A new clinical presentation of a non-so-rare disease, the Di George syndrome.

L. Vroonen*^a (Dr), S. D'Andrea^b (Dr), M. Tome^a (Dr), ML. Jaffrain-Rea^b (Pr), A. Beckers^a (Pr)

^a CHU de Liège, Liège, BELGIQUE ; ^b Ospedale universitario dell'Aquila, L'Aquila, ITALIE

* laurent_vroonen@hotmail.com

Introduction

DiGeorge's syndrome(DGS), velocardiofacial syndrome(VCFS) and conotruncal anomaly face represent a heterogenous group of disorder sharing a common genetic basis: deletion in chromosome 22q11.2. In DGS, this deletion is present in 90% of cases and rarely in TBX1. Prevalence of DGS/VCFS is 1/4000 births. The classical triad in DGS is conotruncal cardiac anomalies, hypoplastic thymus, and hypocalcemia. However, the phenotypic features are much more variable.

Observation

We report a 30 years old male (height:165cm) with repeated epileptic seizures associated with severe and severe hypocalcemia.

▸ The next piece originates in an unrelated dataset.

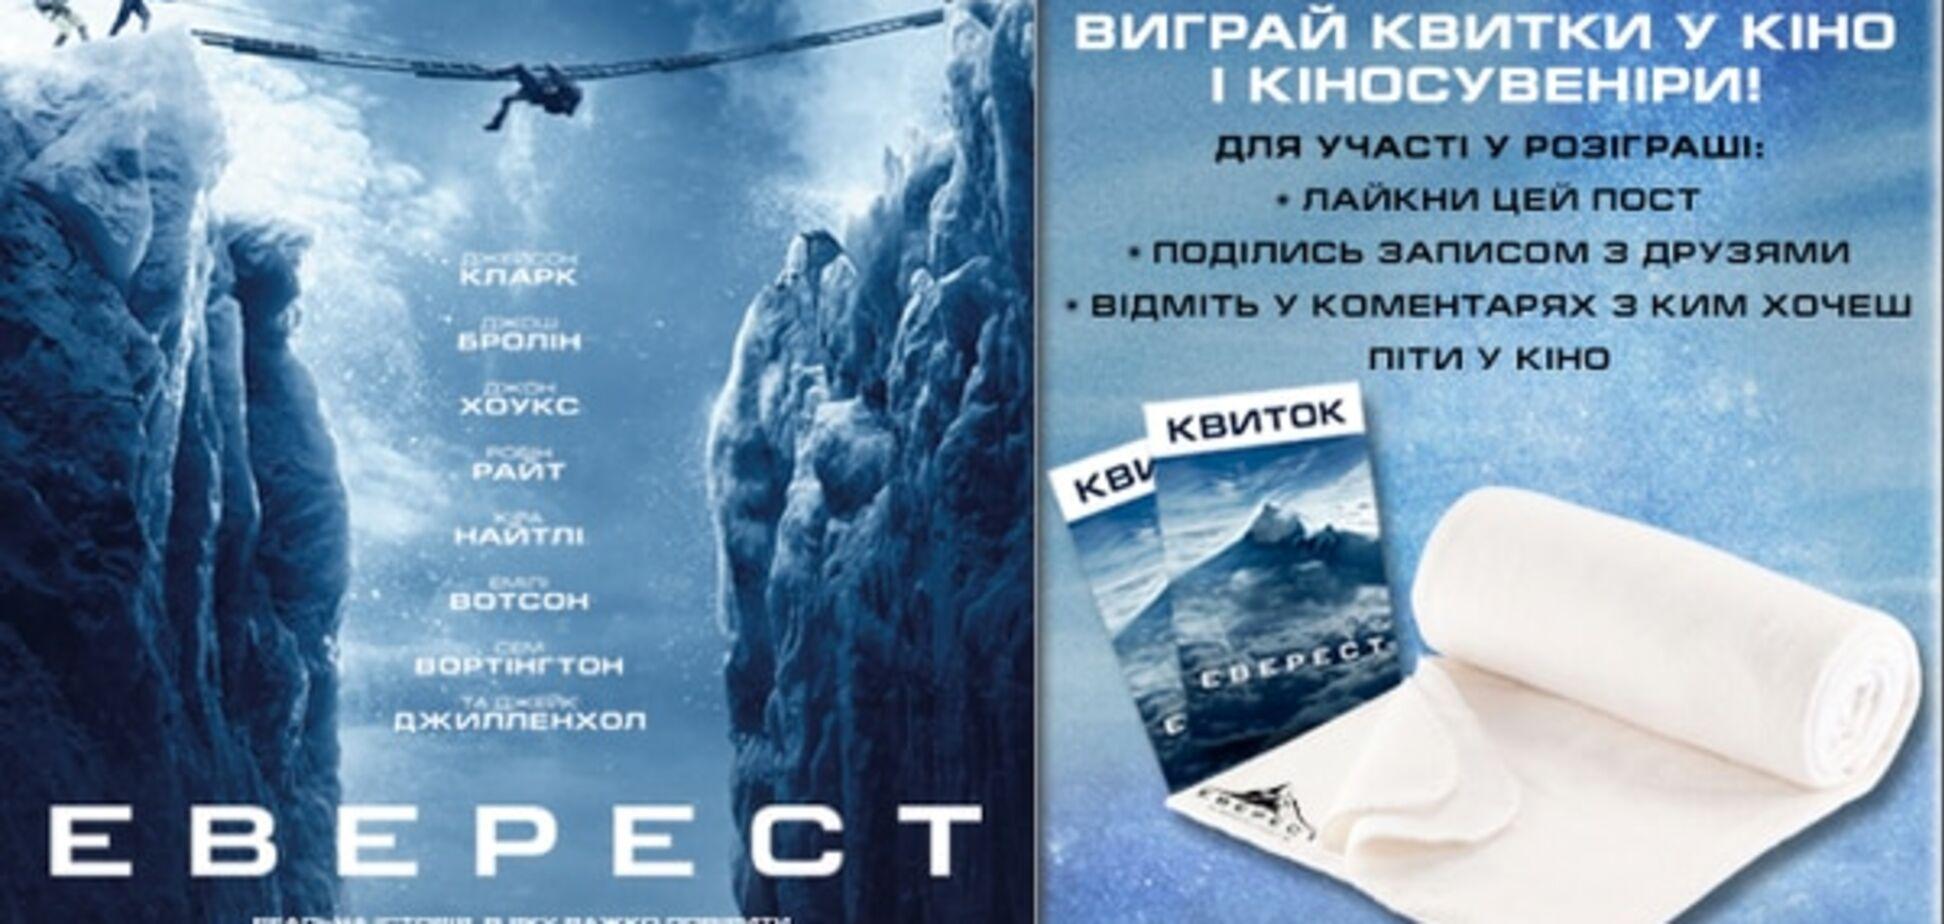 Бери участь в конкурсі та виграй квитки на фільм 'Еверест'

At first, we diagnosed idiopathic primary hypoparathyroidism and started appropriate therapy. Genetic test showed a deletion in TBX1x1. He didn’t show more epileptic seizure, but referred chronic fatigue. A complete hormonal balance showed low levels of IGF-1(67ng/ml) and growth hormone deficiency (GHD)(peak:0,27ng/ml), confirmed after glucagon test. Pituitary gland was normal at MRI. Interestingly, our patient did not present typical mental retardation seen in 22q11.2 deletion. One daughter of our patient died in utero from cardiac malformation.

Discussion

In DGS children, short stature occurs in 36% to 67%. Out of these, only 32% have GHD. In adults, only 10% were below their predicted height, but no one with GHD. Mechanisms underlying GH axis defect and/or short stature are not known. Mutations in TBX1 have been reported in five patients. In all cases, no GH deficiency or short stature has been reported.

Conclusion

We reported here the first case of adult GHD associated with deletion in TBX1. Moreover, our case report confirms the heterogenous clinical presentation in DGS.

L’auteur n’a pas transmis de déclaration de conflit d’intérêt.